Supplied material

++++++++++

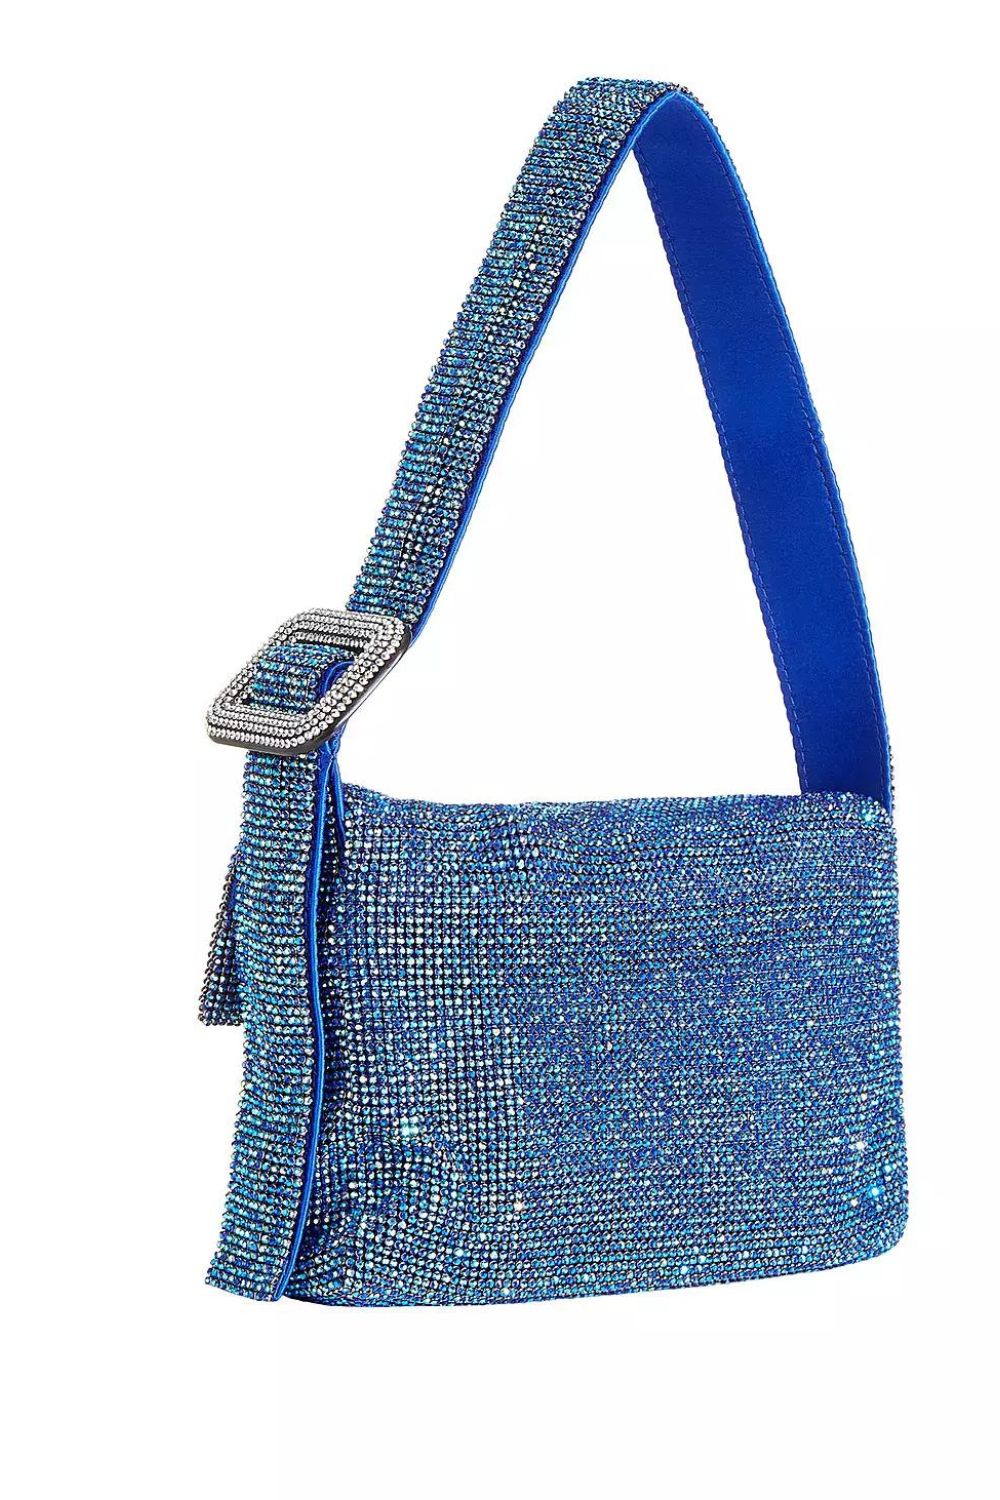 The-Gloss-Magazine-best-sparkling-handbags-4
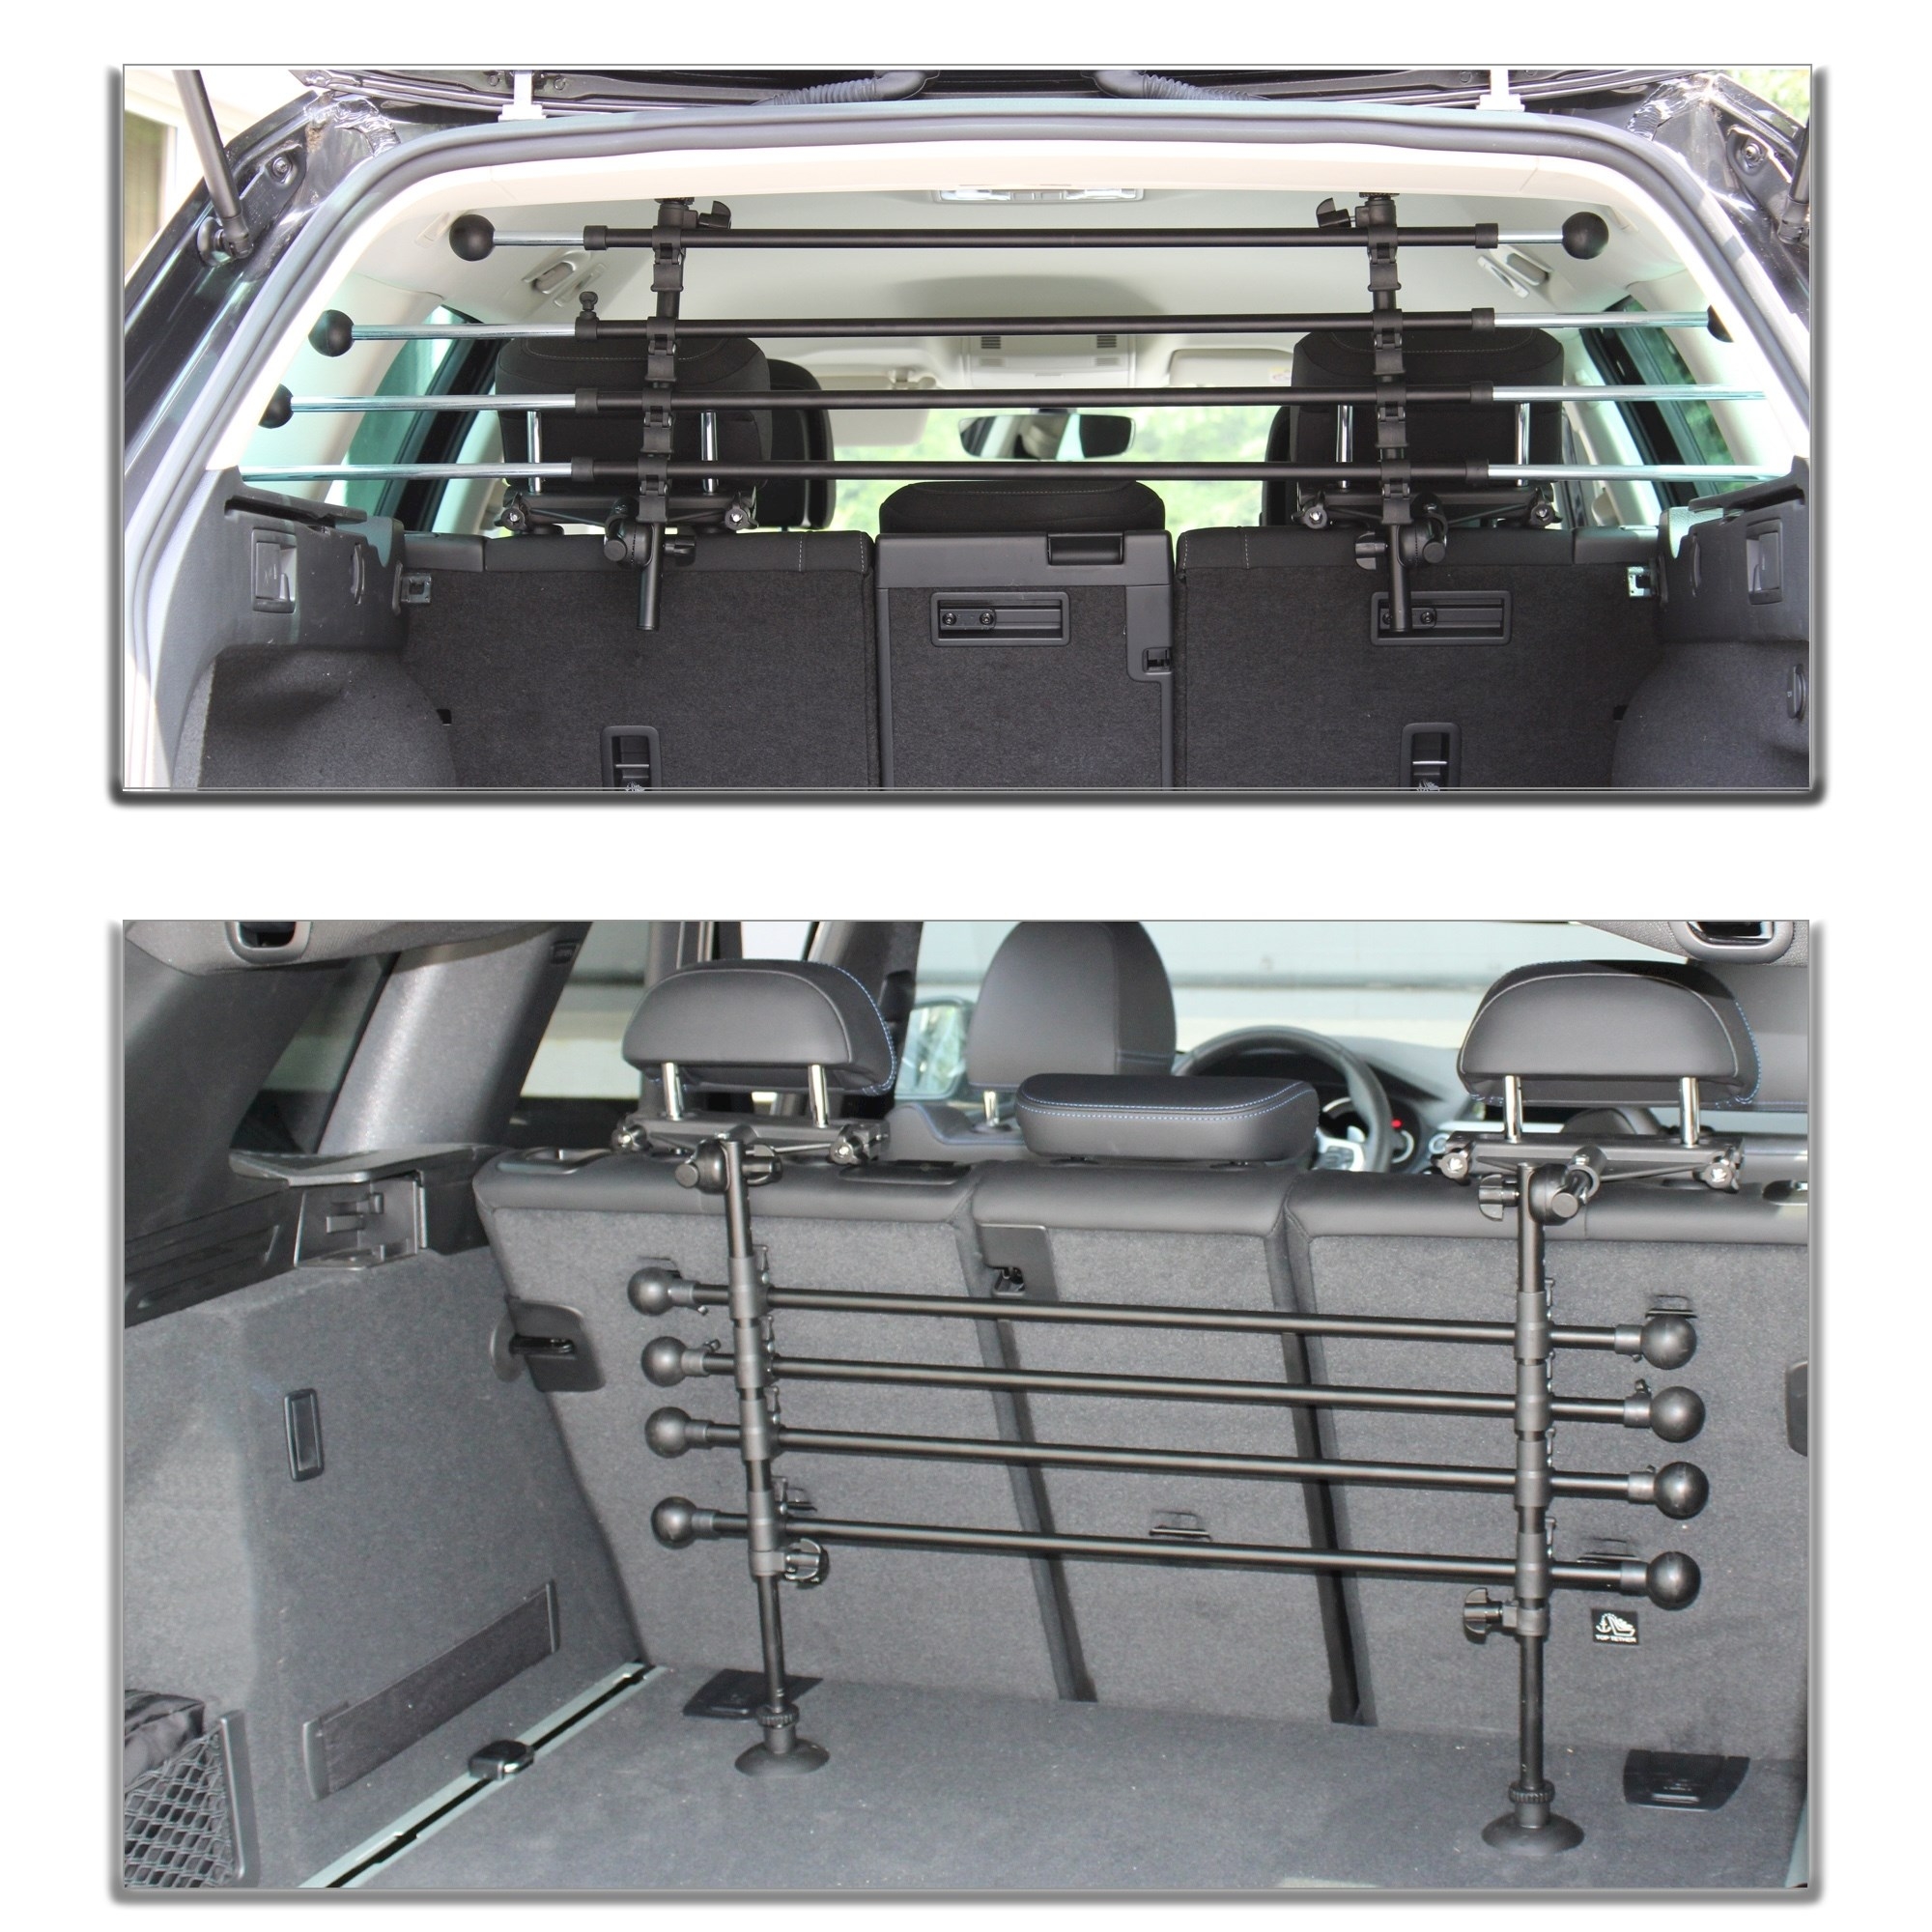 Gepäckraumgitter Hundegitter Kofferraum Schutz Auto SUV Universal  Teleskopstange
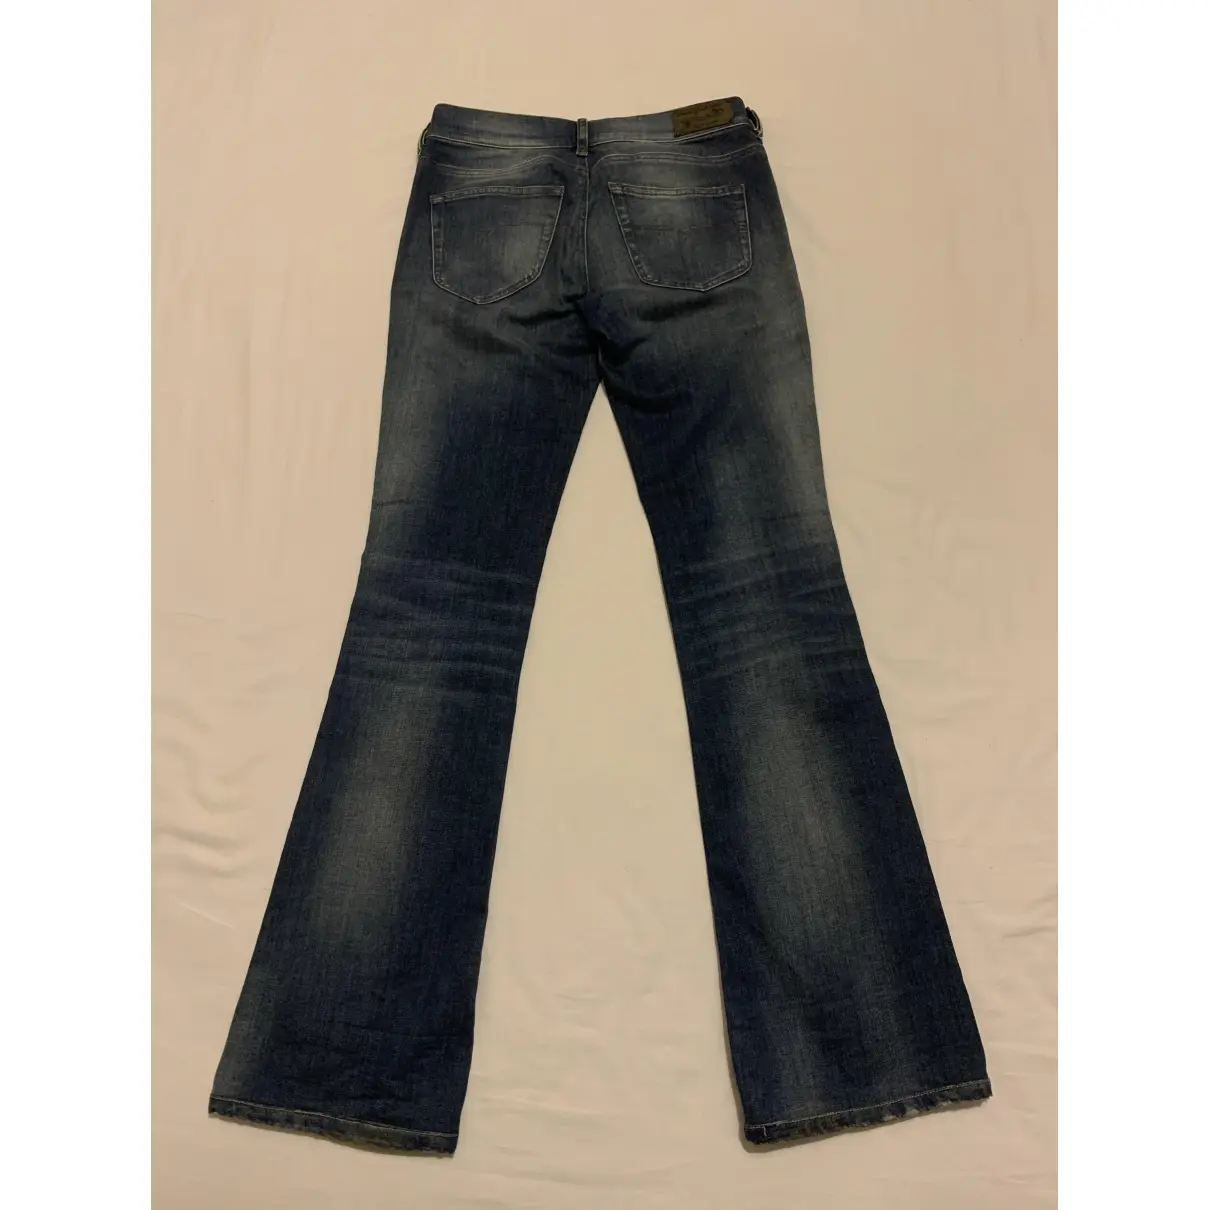 Buy Diesel Blue Cotton - elasthane Jeans online
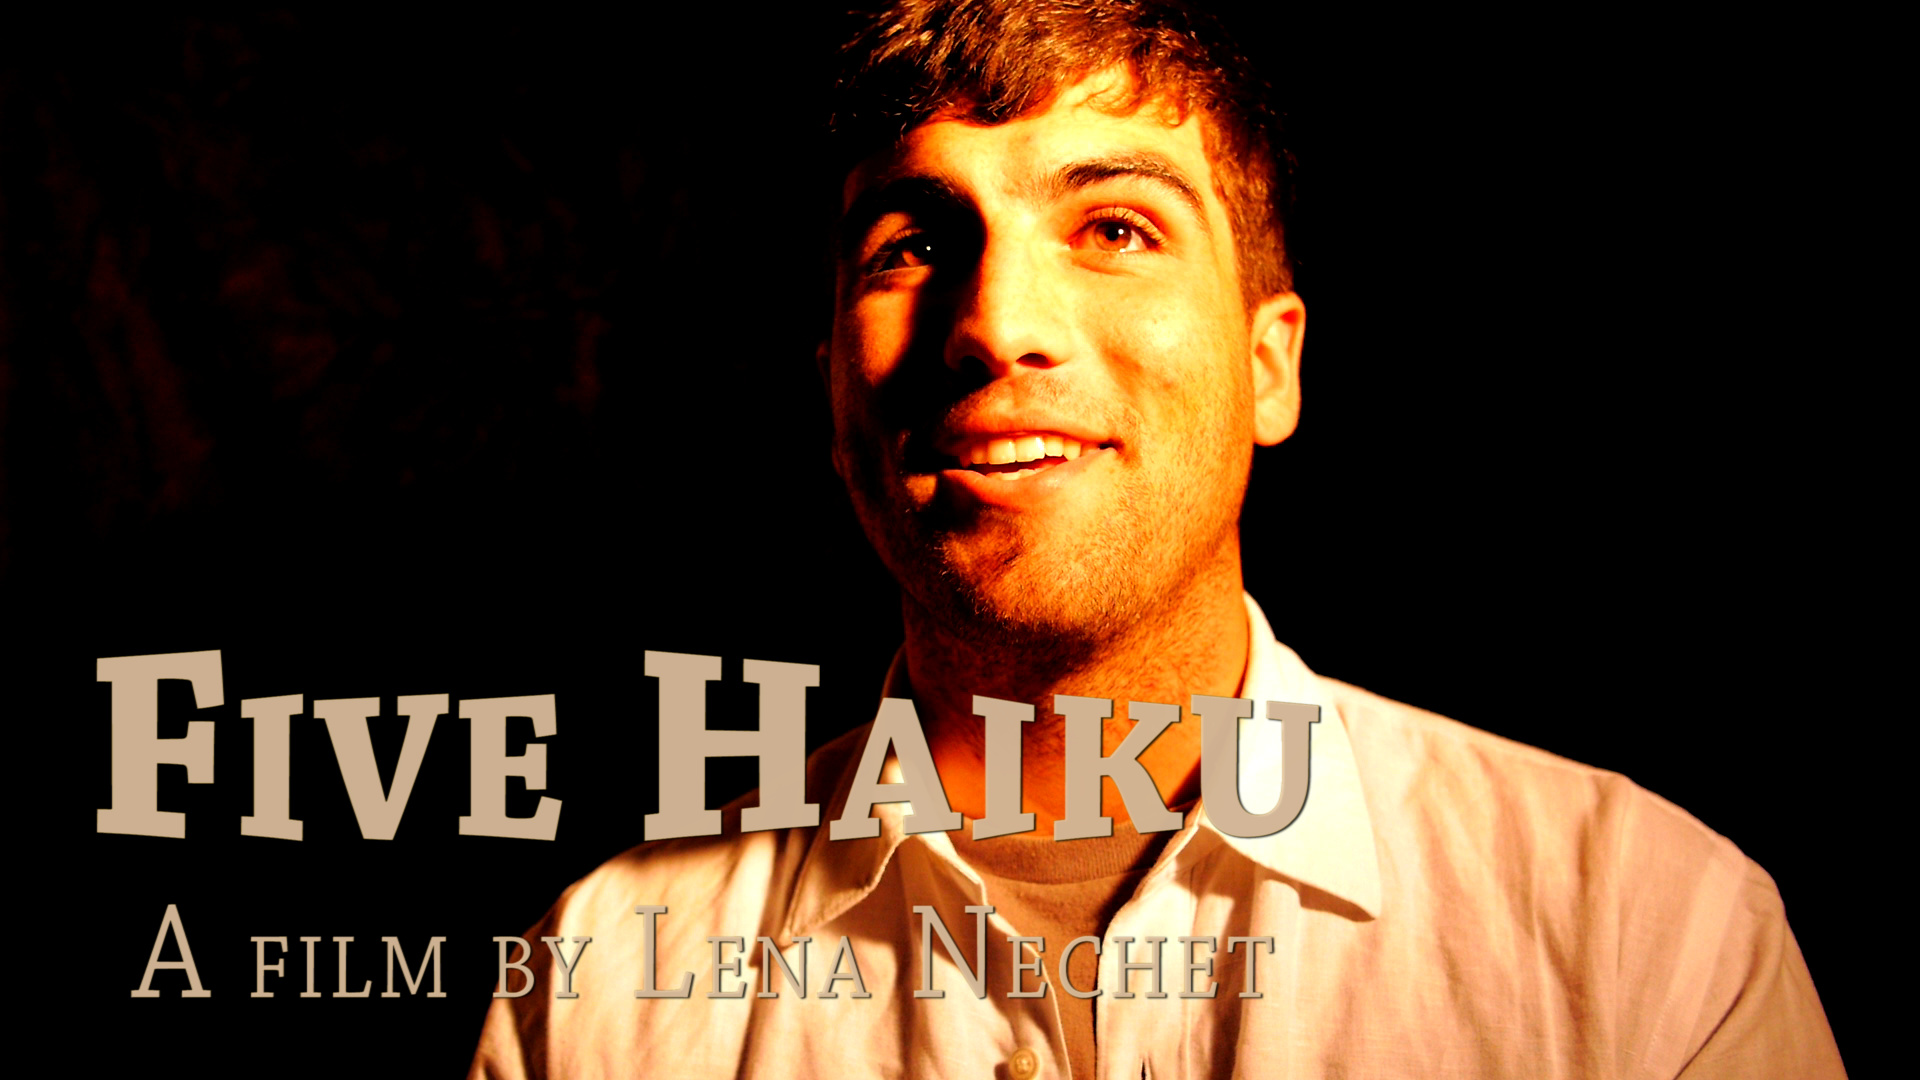 5 Haiku Short Documentary Film by Lena Nechet

++++++++++

Task prompt
Every line above should be returned word for word, with the pictures left behind.

Answer below
 The-Gloss-Magazine-best-sparkling-handbags-4
 Gepäckraumgitter Hundegitter Kofferraum Schutz Auto SUV Universal  Teleskopstange
 Buy Diesel Blue Cotton - elasthane Jeans online
 5 Haiku Short Documentary Film by Lena Nechet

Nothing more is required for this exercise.